Multicellular eukaryotic organisms are capable of responding to extracellular signals to regulate or accentuate gene expression through the process of signal transduction. A large number of the components of the signal transduction pathway are comprised of proteins that are covalently modified by ligands such as hormones, growth factors, cytokines or second messengers like camp, Ca2+, diacylglycerol, inositol-3-phosphate and others. This results in the induction of a cascade leading to gene expression in which activation of kinases that phosphorylate tyrosine or serine/threonine residues play central roles. Prominent targets of second messengers are the camp-dependent protein kinase A (PKA) and the Ca2+/phospholipid-activated protein kinase C (PKC). The protein kinase C cascade includes several enzymes that are sequentially phosphorylated in response to external stimuli. PKC established its role in signal transduction when it was demonstrated that diacylglycerol, a product of hormone stimulated phosphatidylinositol hydrolysis, was an activator of the enzyme. Multiple lipid pathways contribute to the production of diacylglycerol, the second messenger for PKC. Phorbol esters, which are potent tumor promoters, activate PKC and this discovery led to further excitement in the field (see for example, Nishizuka, 1995, pp.484-496; Nishizuka, 1992, pp.607-614).
Protein kinase C modulates diverse cellular functions such as cell cycle progression and differentiation, apoptosis, and tumor promotion (Nishizuka, 1986, pp.305-312). PKC regulates gene expression via transcription through the activation of cis-elements. It is a mediator of immune responses, hormone secretion and receptor desensitization. Many of these roles are mediated by accentuating membrane structure events. PKC phosphorylates serine or threonine residues at basic sequences with the motif xRxxS/TxRx. Thus histones H1 and IIIS, and protamine, are efficient substrates for PKC. In addition to catalyzing phosphorylation reactions, PKC autophosphorylates in vitro, (on residues Thr-641 and Ser-660 in PKCβII) by an intramolecular mechanism and this may play a role in its proteolytic activation and degradation.
Together with the fact that activation of PKC isozymes is associated with altered gene expression and its presence in the nucleus, it was expected that PKC could phosphoryate some transcription factors and thereby regulate gene expression. PKC phosphorylates CREB, the camp-responsive element-binding protein and as a result CRE binding is enhanced. NF-κB, in the cytosol of resting cells, is in a complex with I-κB. On PKC activation, by phorbol esters, the inhibitory complex dissociates and NF-κB translocates into the nucleus as an active transcription factor. C-jun, a phorbol ester-responsive transcription factor, is also regulated by PKC. Vitamin D3 receptor, a member of the steroid/thyroid hormone family, binds to vitamin D3 and associates with its DNA element thereby altering gene transcription. PKCβ phosphorylates the vitamin D3 receptor, and inhibits transcriptional activation by vitamin D3. TLS/FUS, a DNA-binding nuclear protein, is a regulator of BCR/ABL-mediated leukemogenesis (Perrotti et al., 1998, pp.4442-4455). PKCβII phosphorylates TLS/FUS and regulates its DNA-binding activity in the nucleus.

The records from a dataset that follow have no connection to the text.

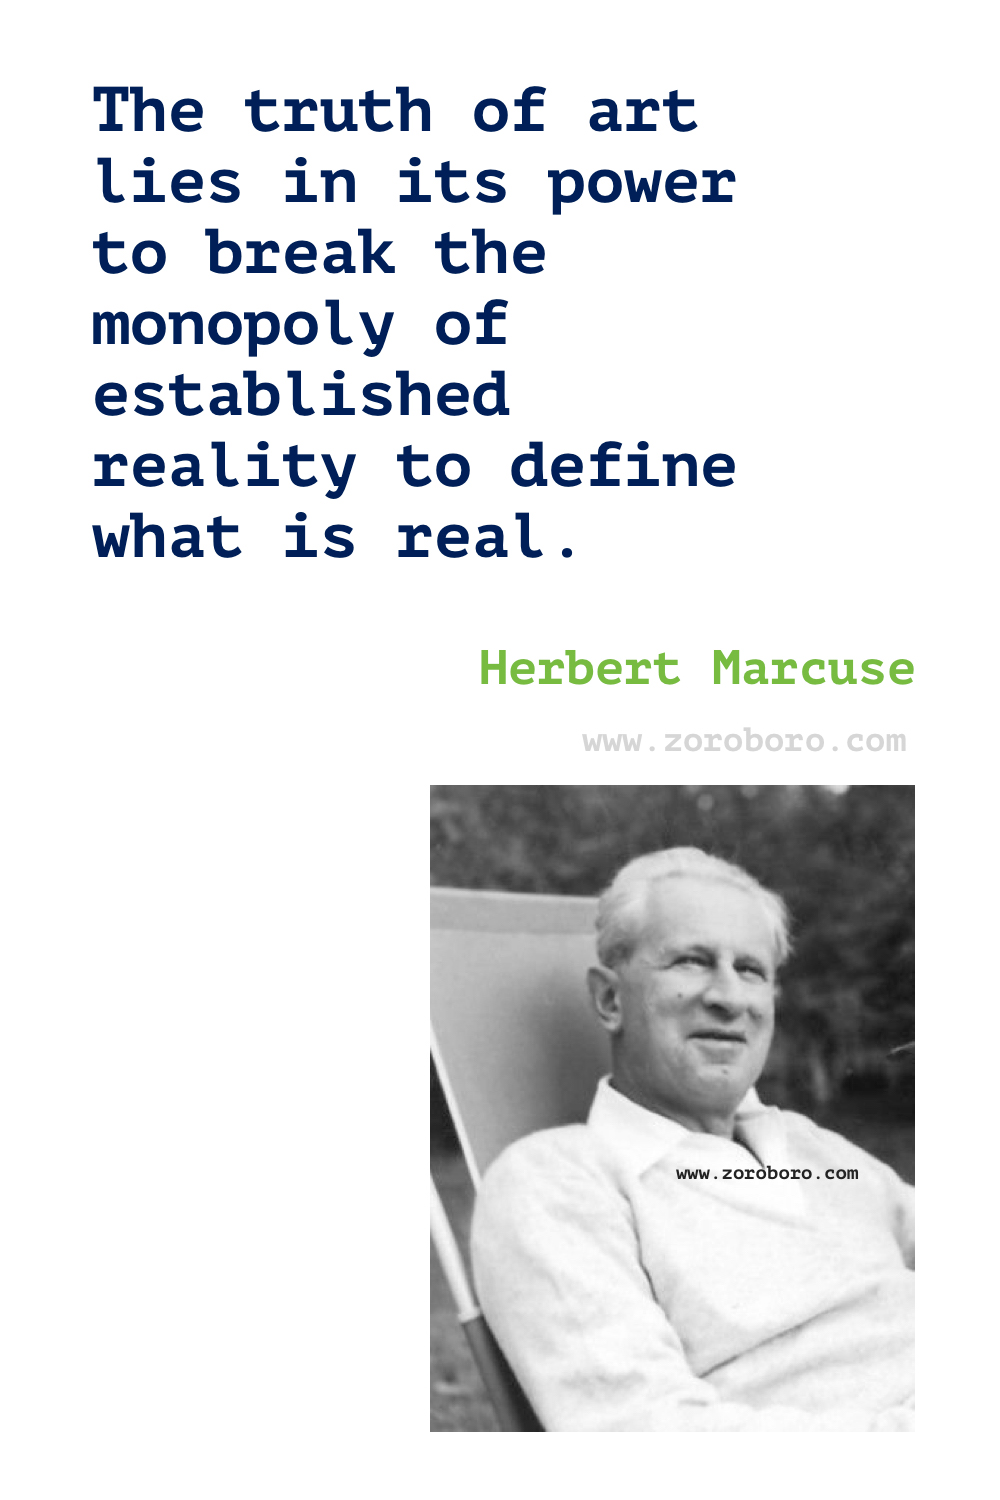 Herbert Marcuse Quotes. Herbert Marcuse One-Dimensional Man Quotes. An Essay on Liberation. Herbert Marcuse Philosophy. Herbert Marcuse Books Quotes. Critique of capitalism. Herbert Marcuse
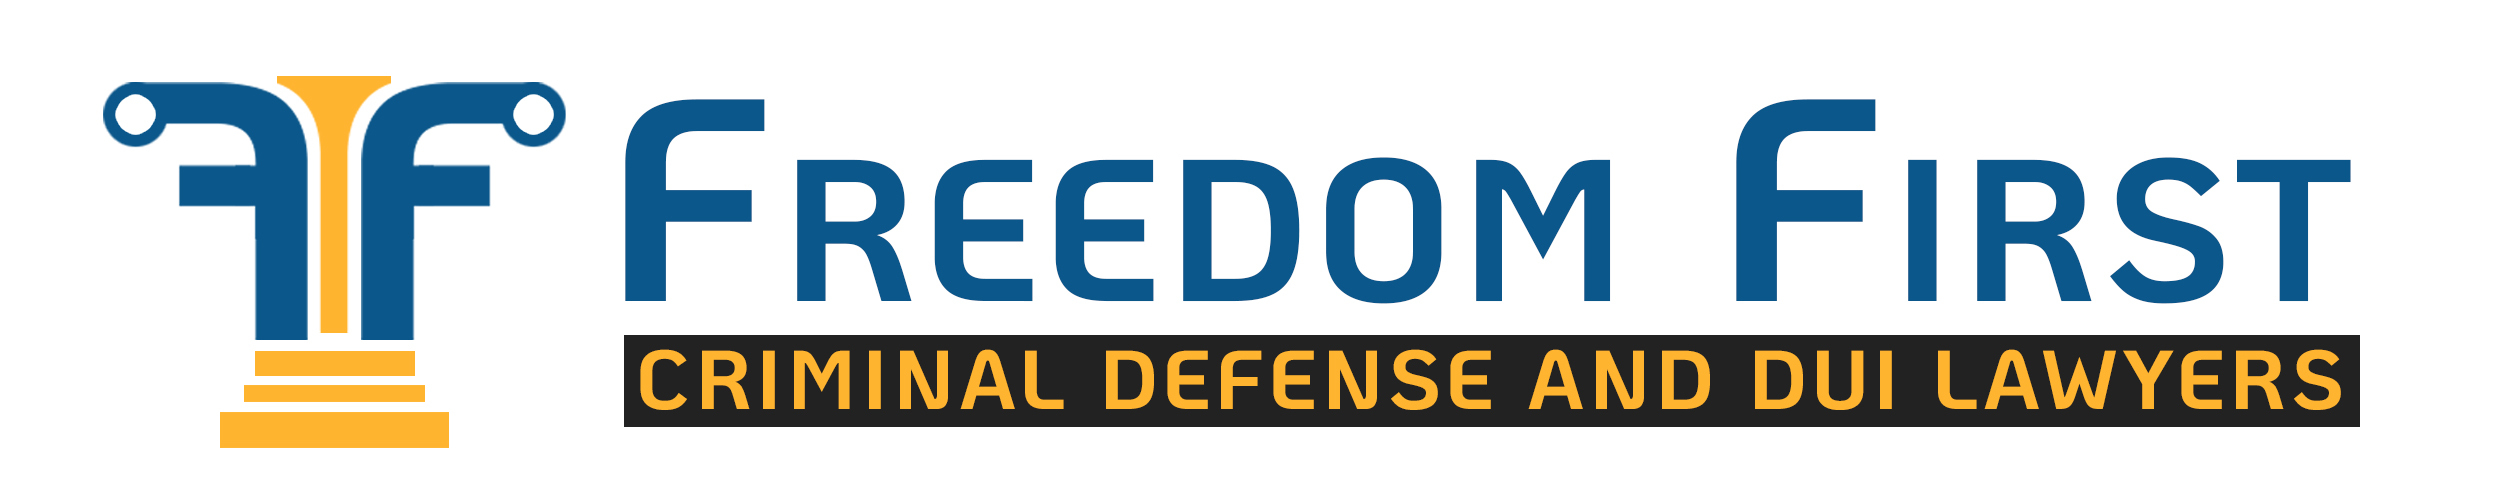 Freedom-First-Criminal-Defense-and-DUI-Lawyers-Logo-1.jpg
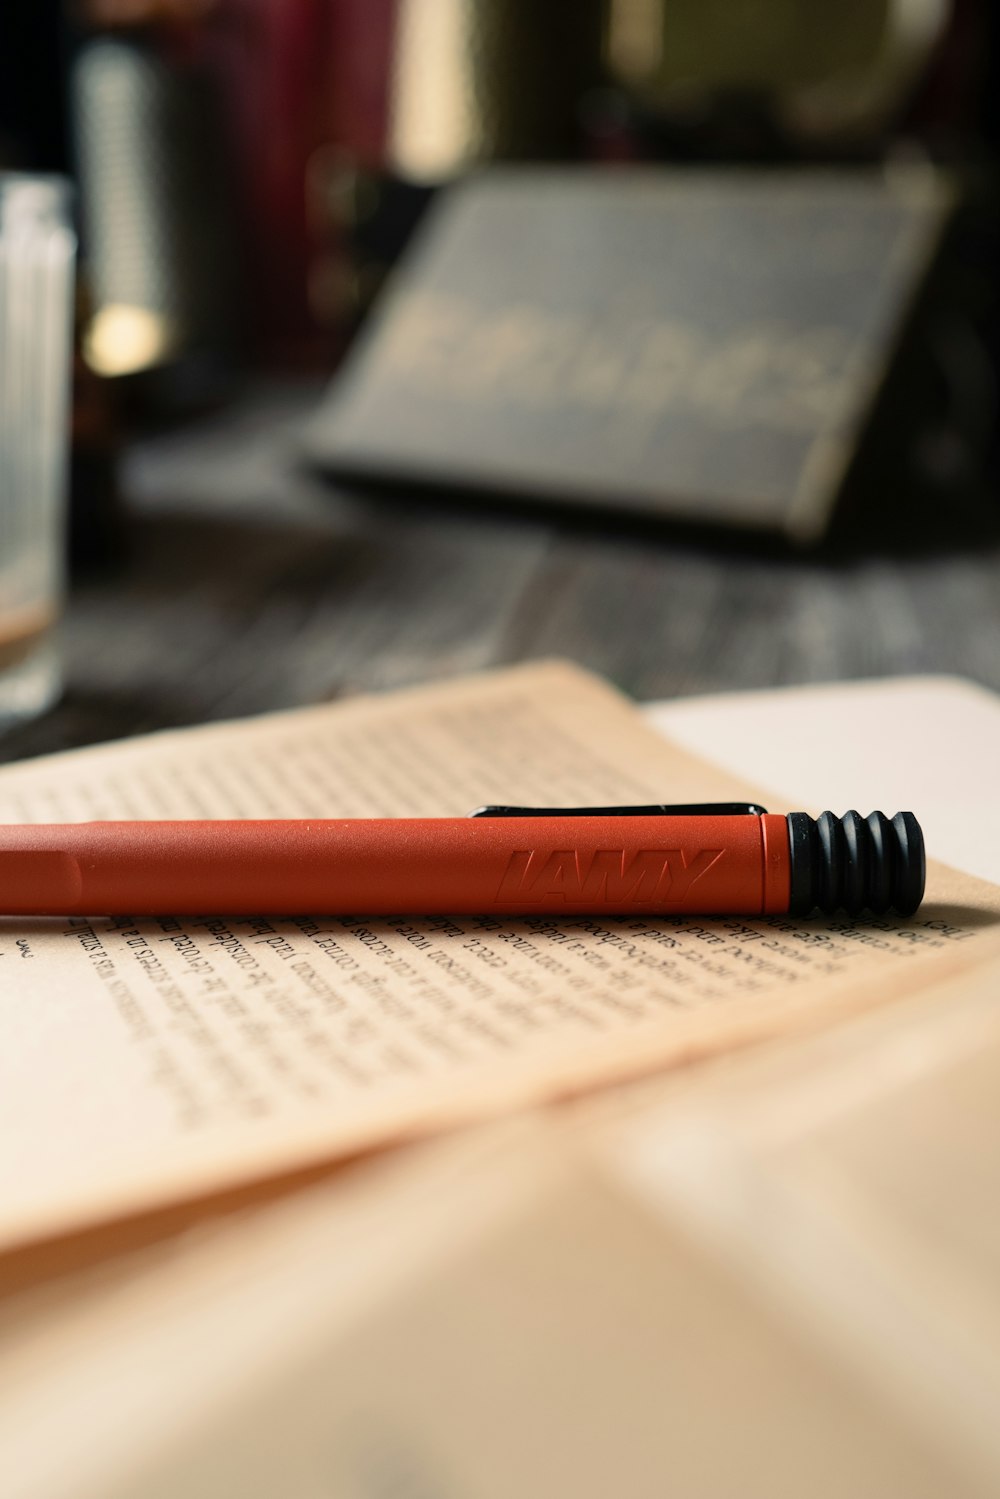 a red pen sitting on top of an open book
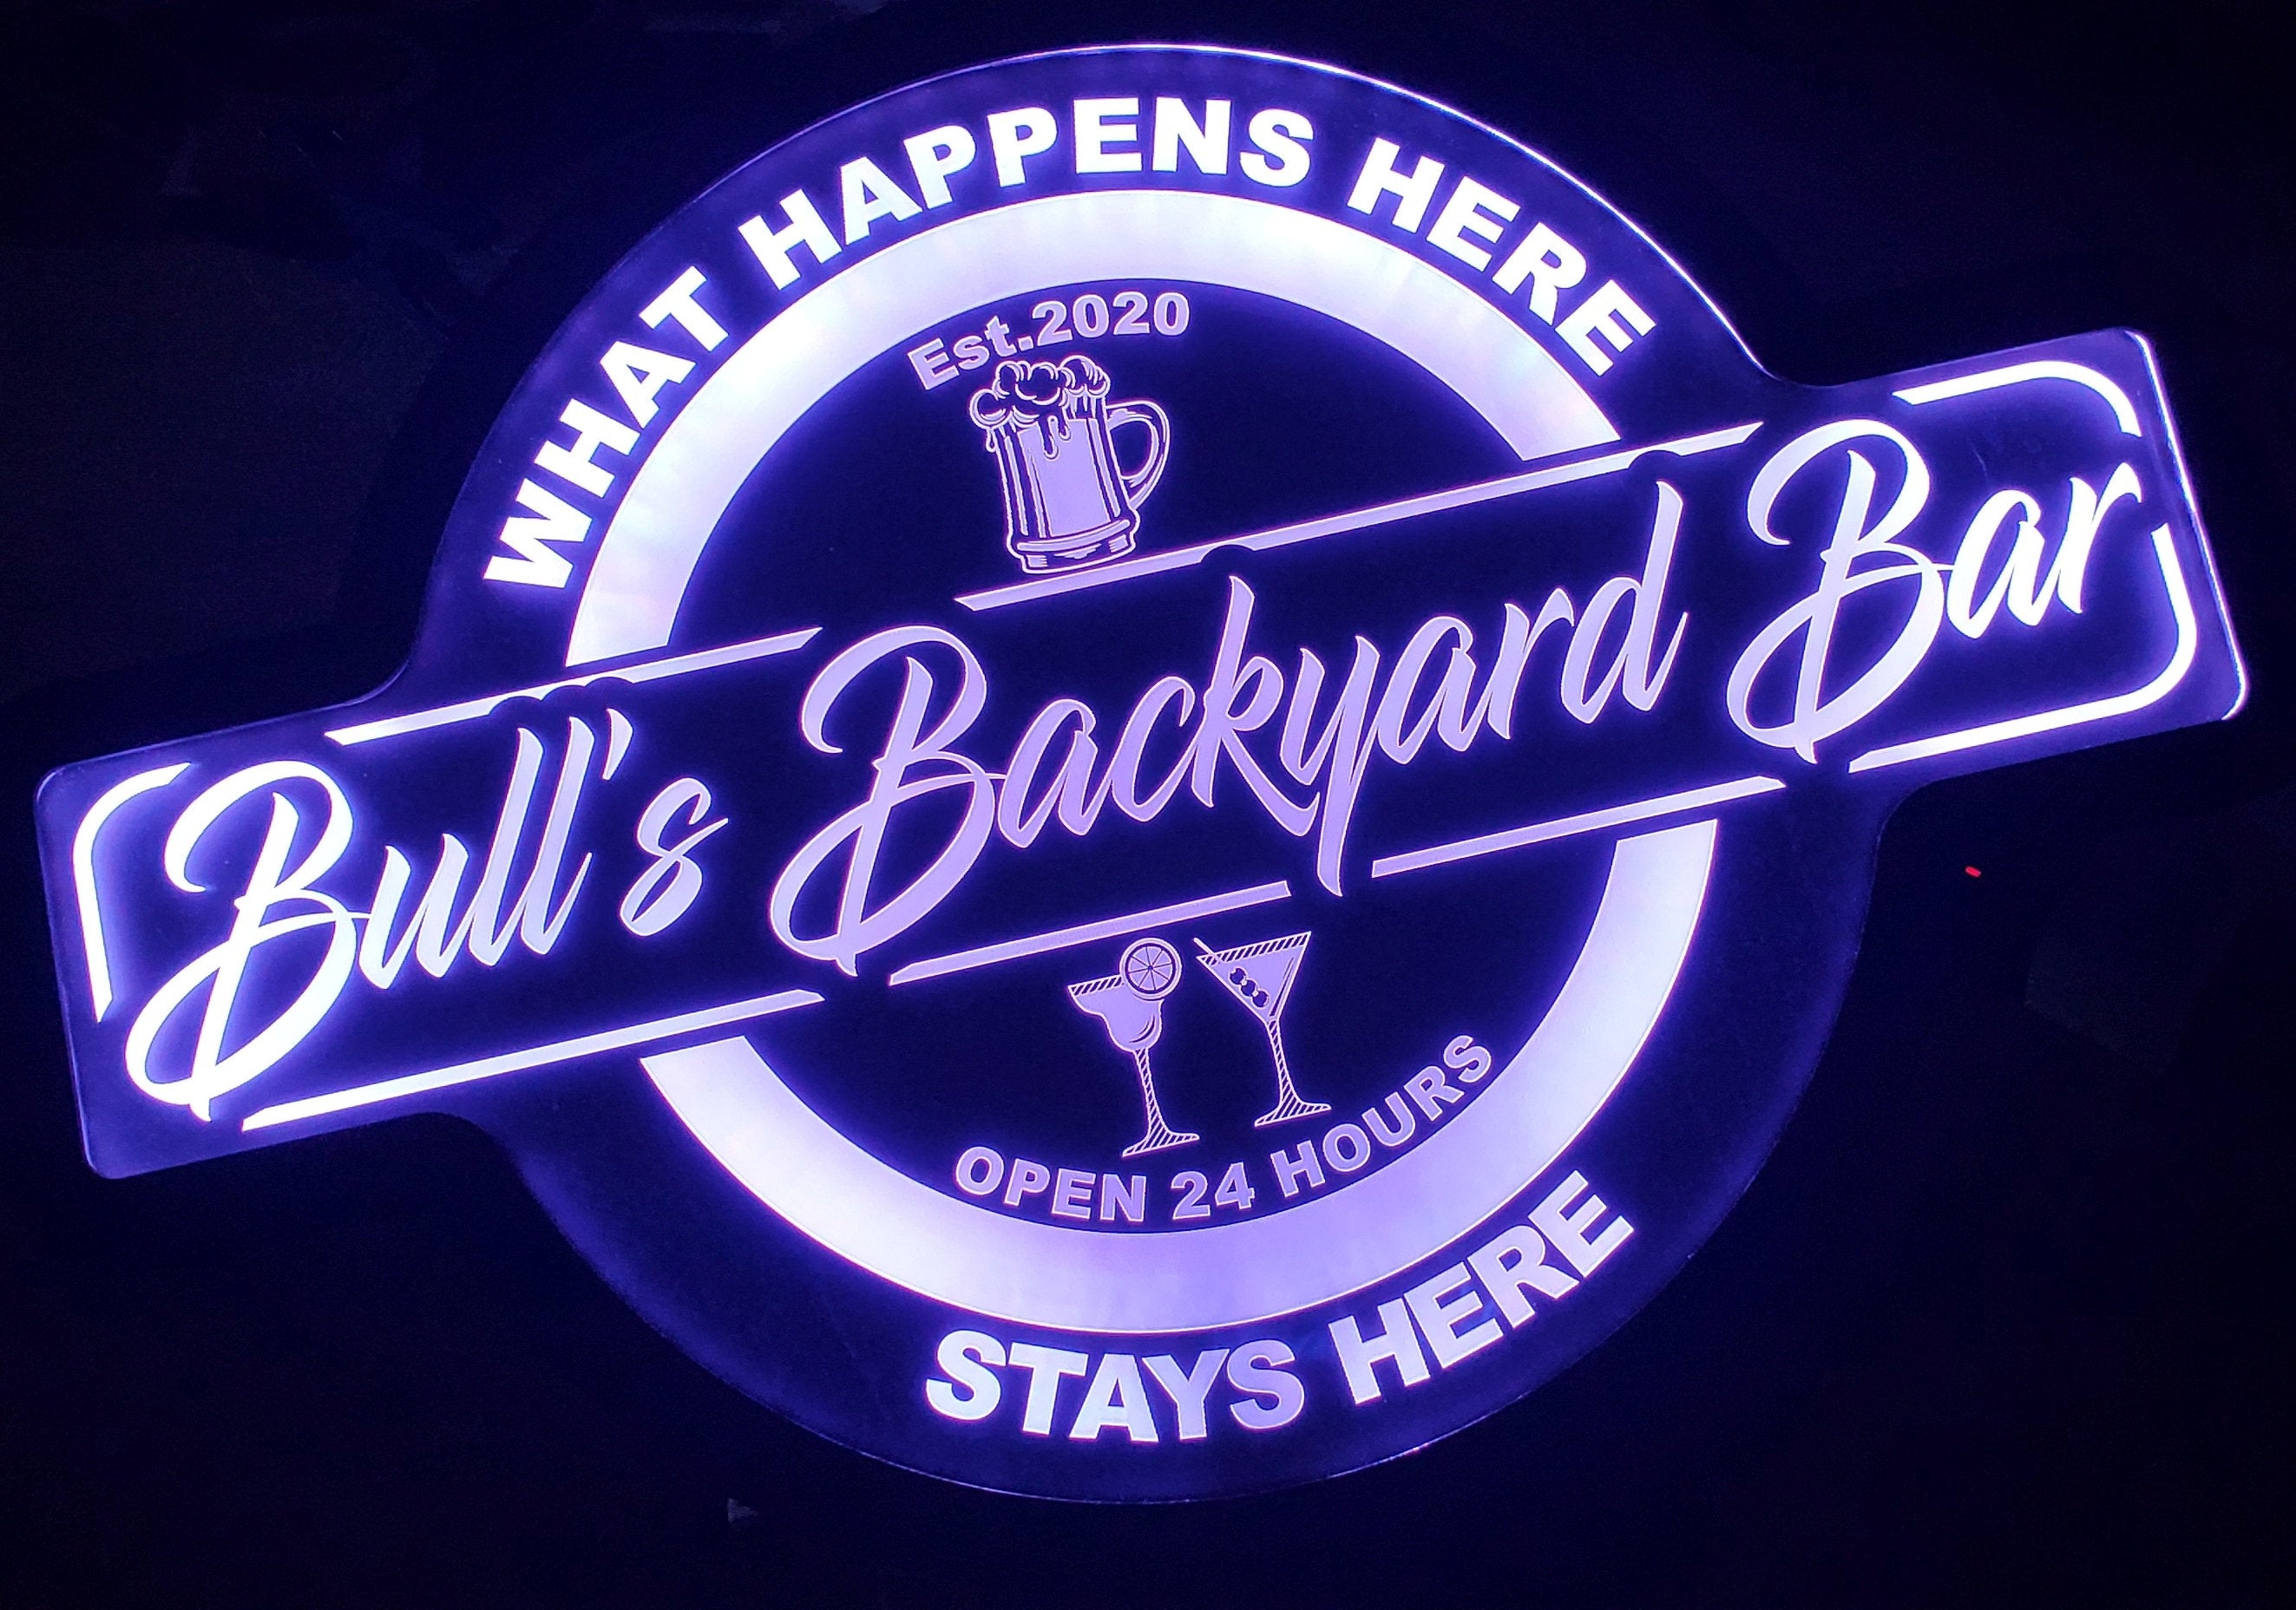 Custom Bar Led Wall Sign Neon Like - Color Changing Remote Control - 4 Sizes Free Shipping

Historically, Nishizuka et al. discovered protein kinase C in rat brain as the proenzyme for a histone protein kinase (see, for example Takai et al., 1977, pp.7603-7609). This protein kinase M (PKM) was generated as a result of partial proteolysis by trypsin or a calcium-dependent protease. From biochemical studies, it was soon established that the proenzyme, PKC, exhibited kinase activity upon membrane association. It is now well established that protein kinase C, a family of serine/threonine kinase isozymes, translocates from the cytosol to another intracellular compartment like the membrane or nucleus in response to stimuli from neurotransmitters, hormones and growth factors. Most PKCs are activated by phosphatidylserine, an acidic lipid located on the cytoplasmic side of the membrane, diacylglycerol and phorbol esters. Some PKC family members also require Ca2+ and other lipid second messengers for optimal activity.